EXERCISE INPUTS:
○ ○ ○ ○

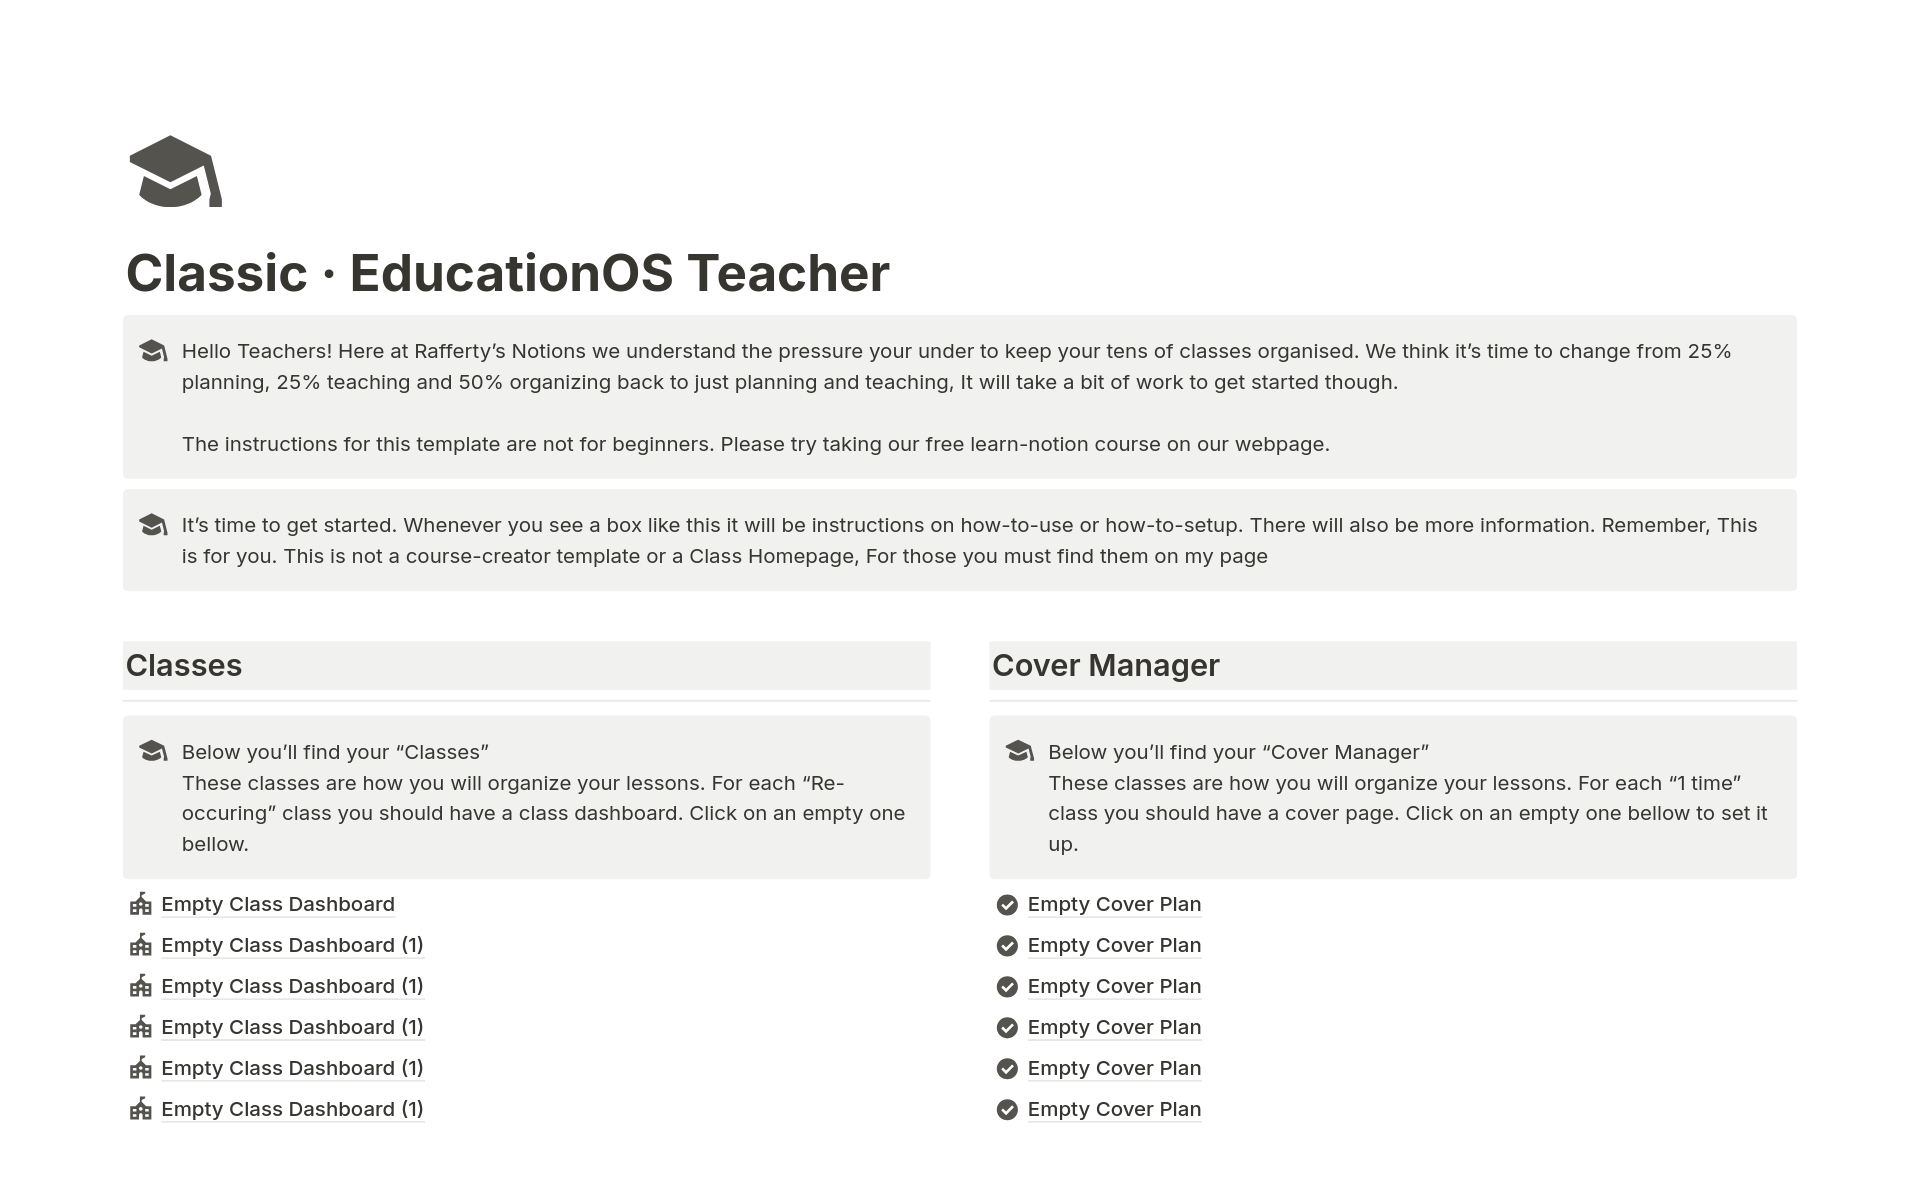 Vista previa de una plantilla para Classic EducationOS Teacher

○ ○ ○ ○

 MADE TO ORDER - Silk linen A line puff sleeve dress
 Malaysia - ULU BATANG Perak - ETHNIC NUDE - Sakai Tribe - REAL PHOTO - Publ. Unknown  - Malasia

○ ○ ○ ○

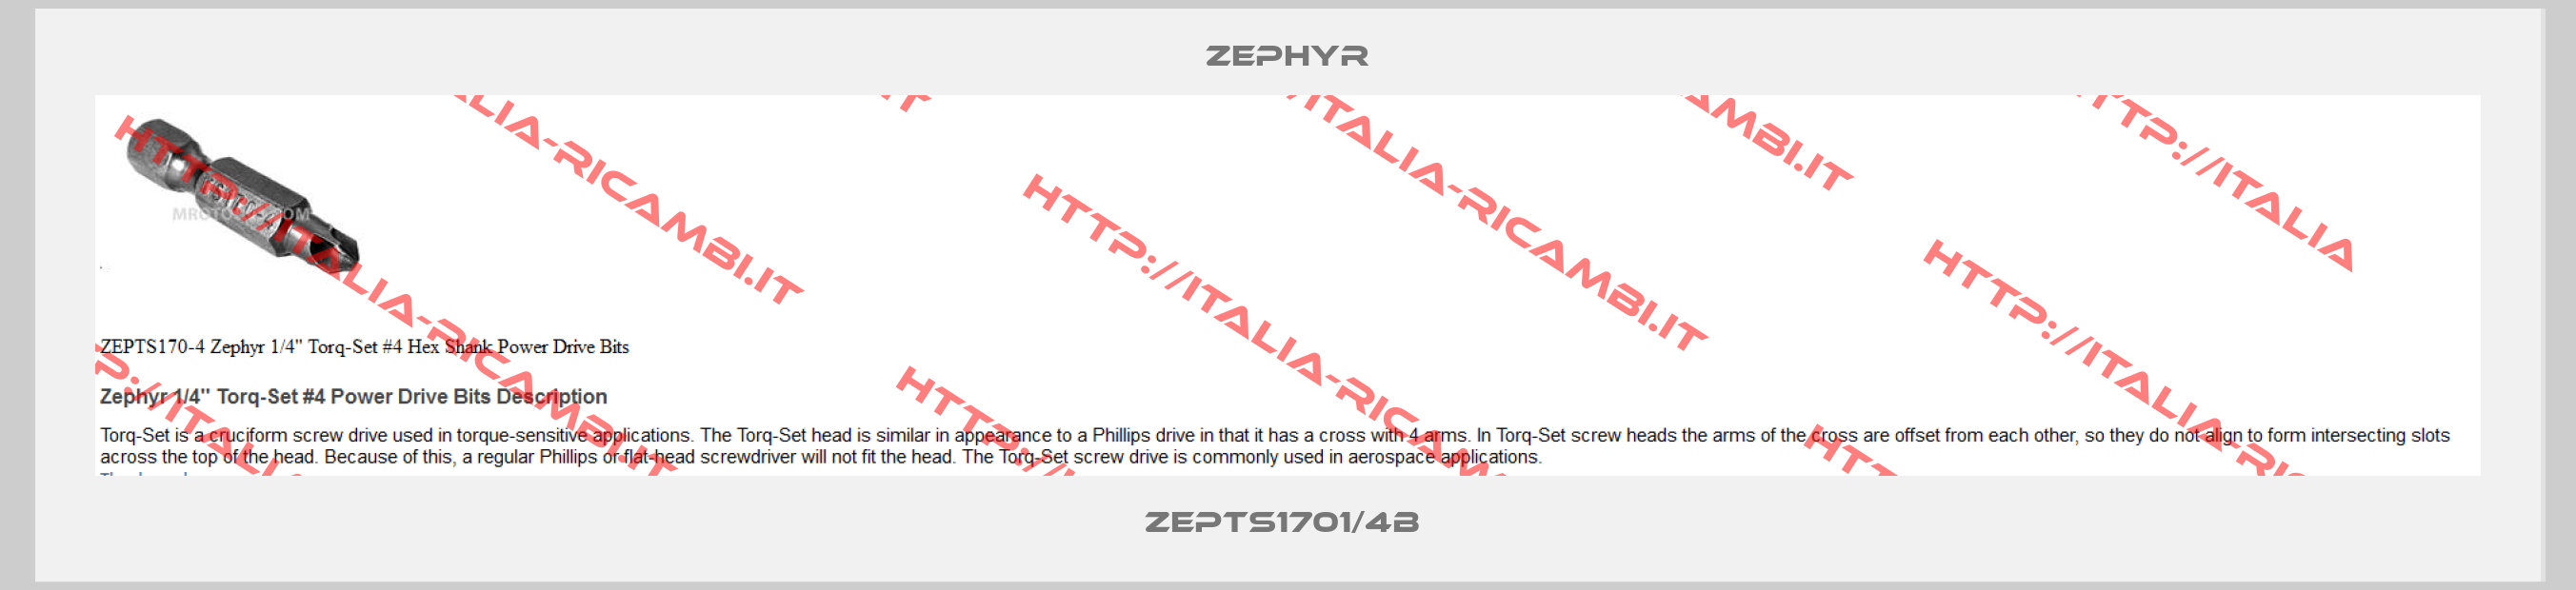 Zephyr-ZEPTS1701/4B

○ ○ ○ ○

PROBLEM TO SOLVE: In the listing above, find the line with "MADE TO ORDER" and the line with "Malaysia - ULU"; set down exactly those two lines and every line between them, nothing more.

EXERCISE SOLUTION:
 MADE TO ORDER - Silk linen A line puff sleeve dress
 Malaysia - ULU BATANG Perak - ETHNIC NUDE - Sakai Tribe - REAL PHOTO - Publ. Unknown  - Malasia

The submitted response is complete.